__What you need to do__: Return the complete listing exactly as it reads, with each picture removed.

__Supplied information__:
▼▼▼
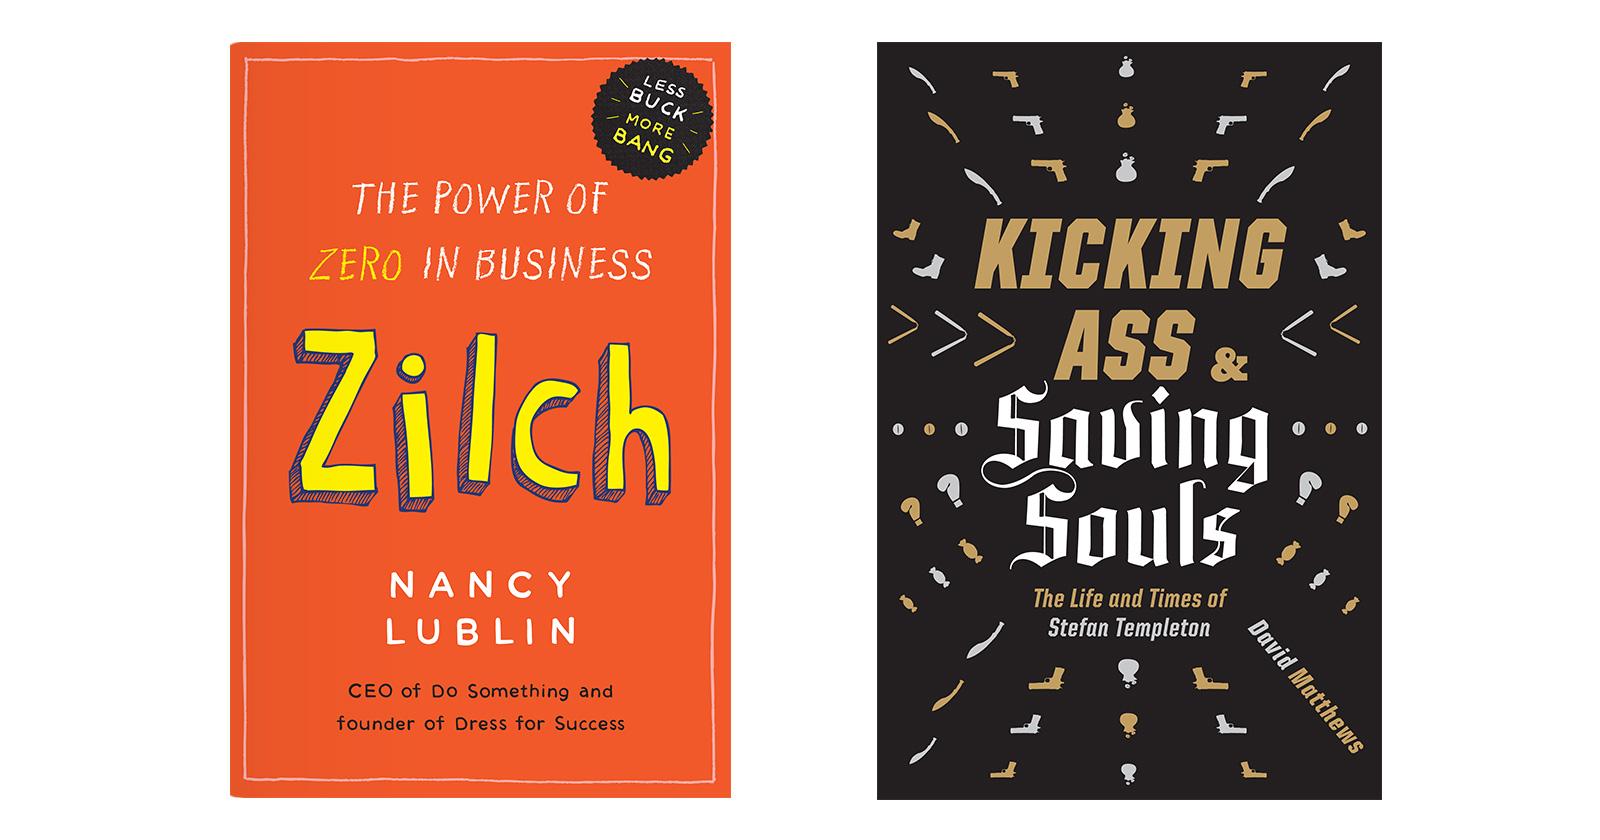 Book-covers-1.jpg
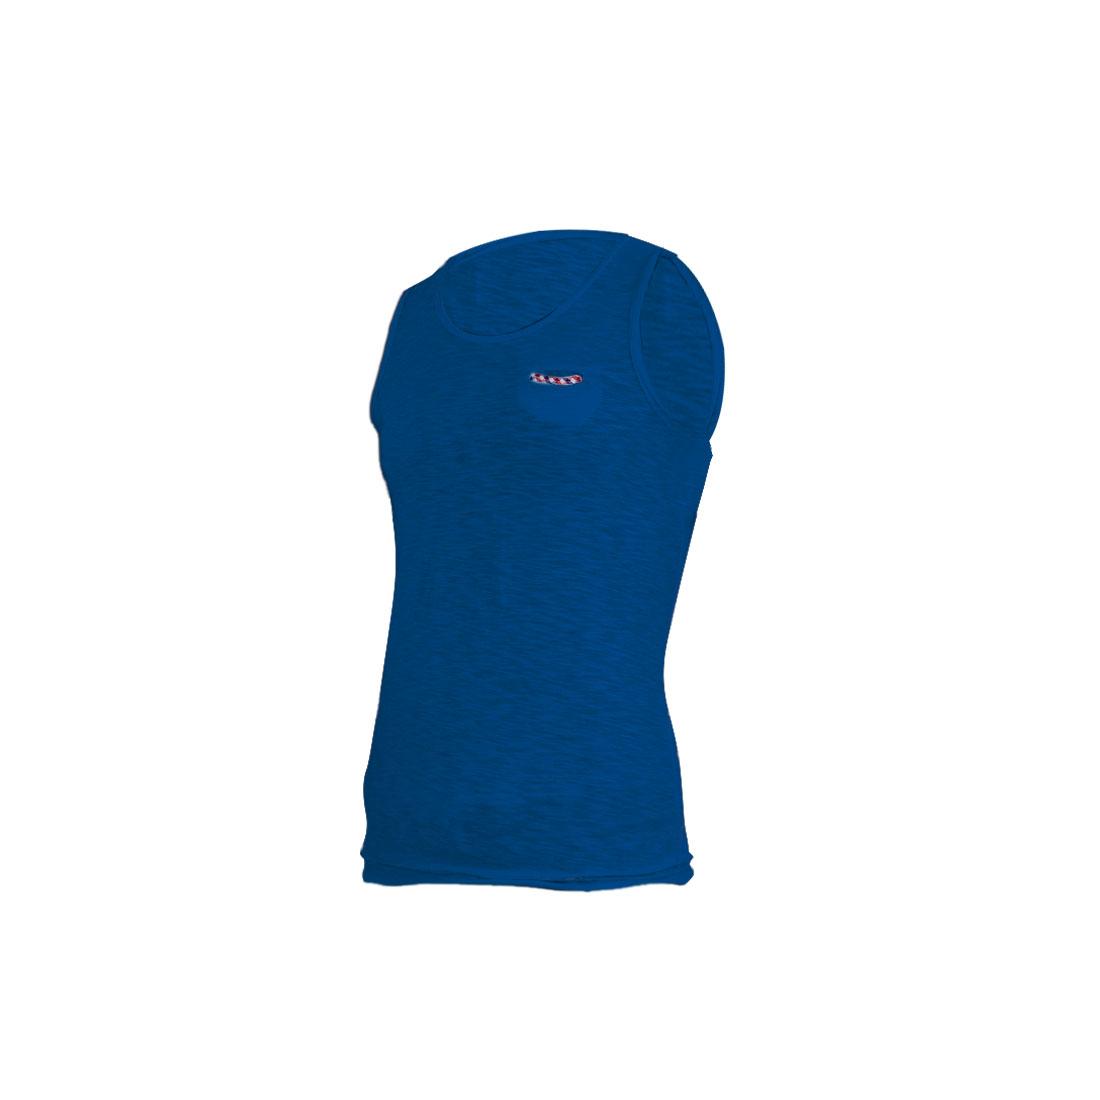 Men Chest Pocket Front Elastic Sleeveless Blue Tank Top S
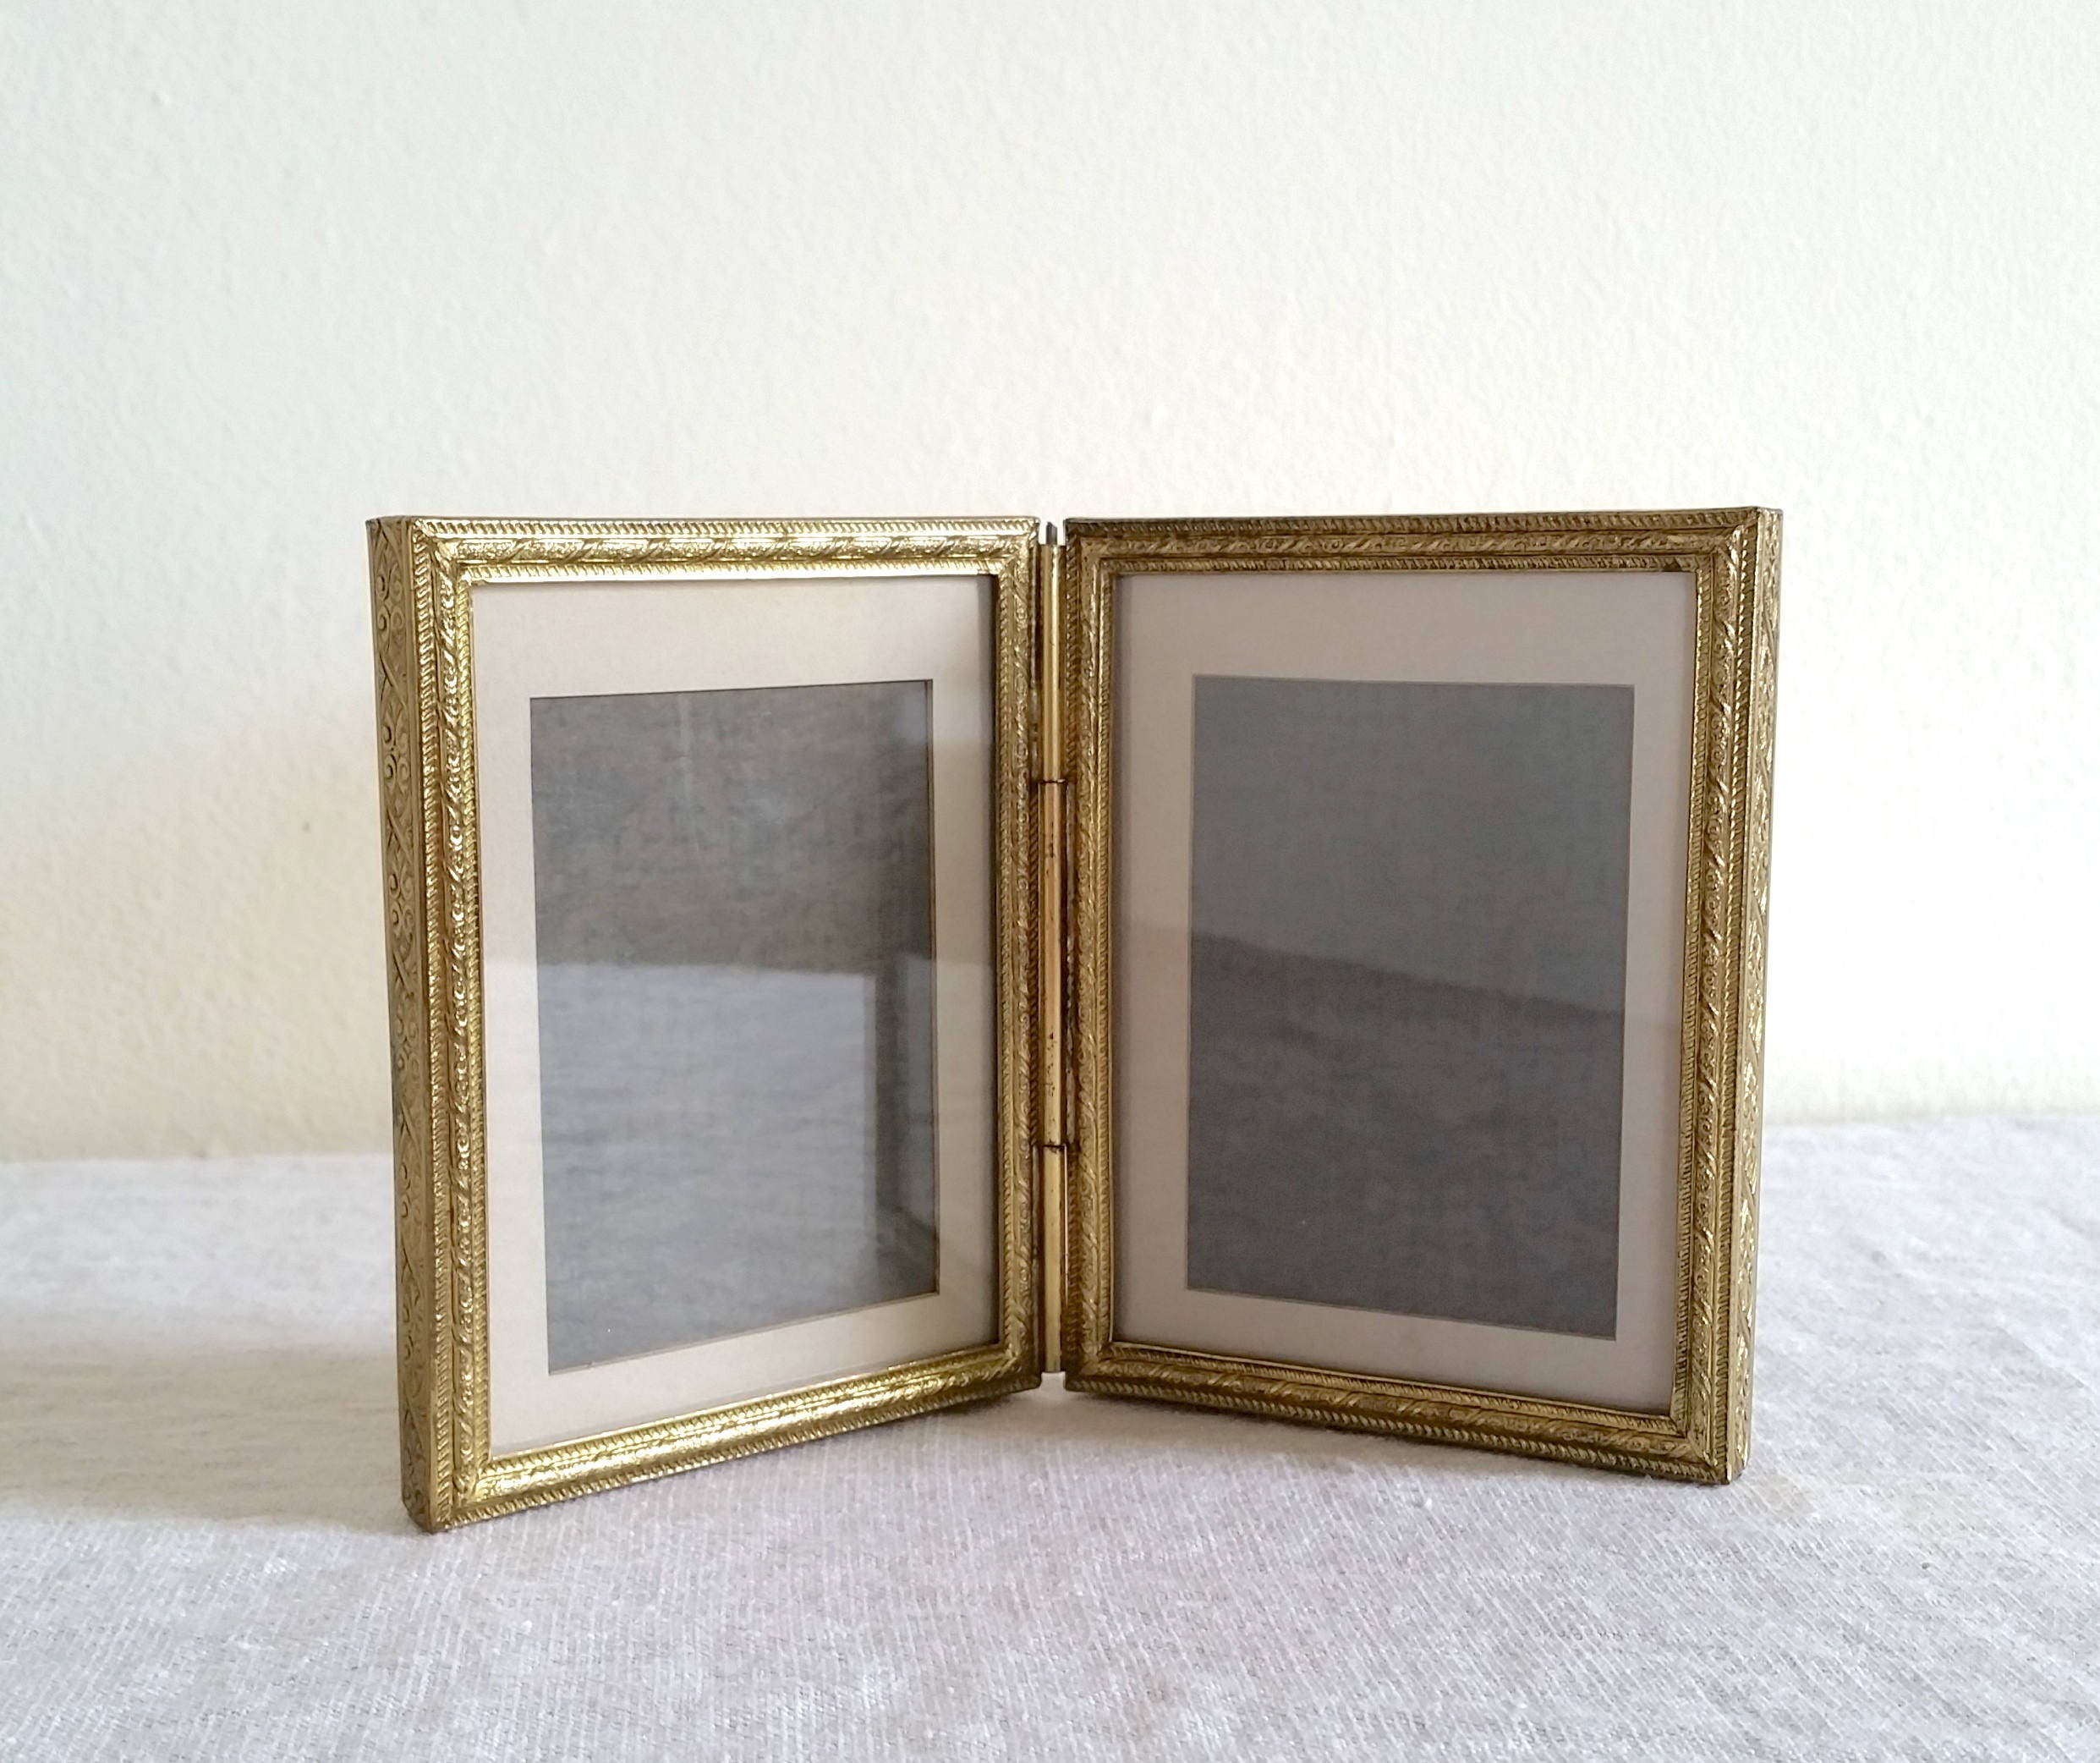 Vintage Hinged Frame, Hinged Two-Part Antique Gold Frame with Velvet ...
▲▲▲
__Solution to the exercise__:
 Book-covers-1.jpg
 Men Chest Pocket Front Elastic Sleeveless Blue Tank Top S
 Vintage Hinged Frame, Hinged Two-Part Antique Gold Frame with Velvet ...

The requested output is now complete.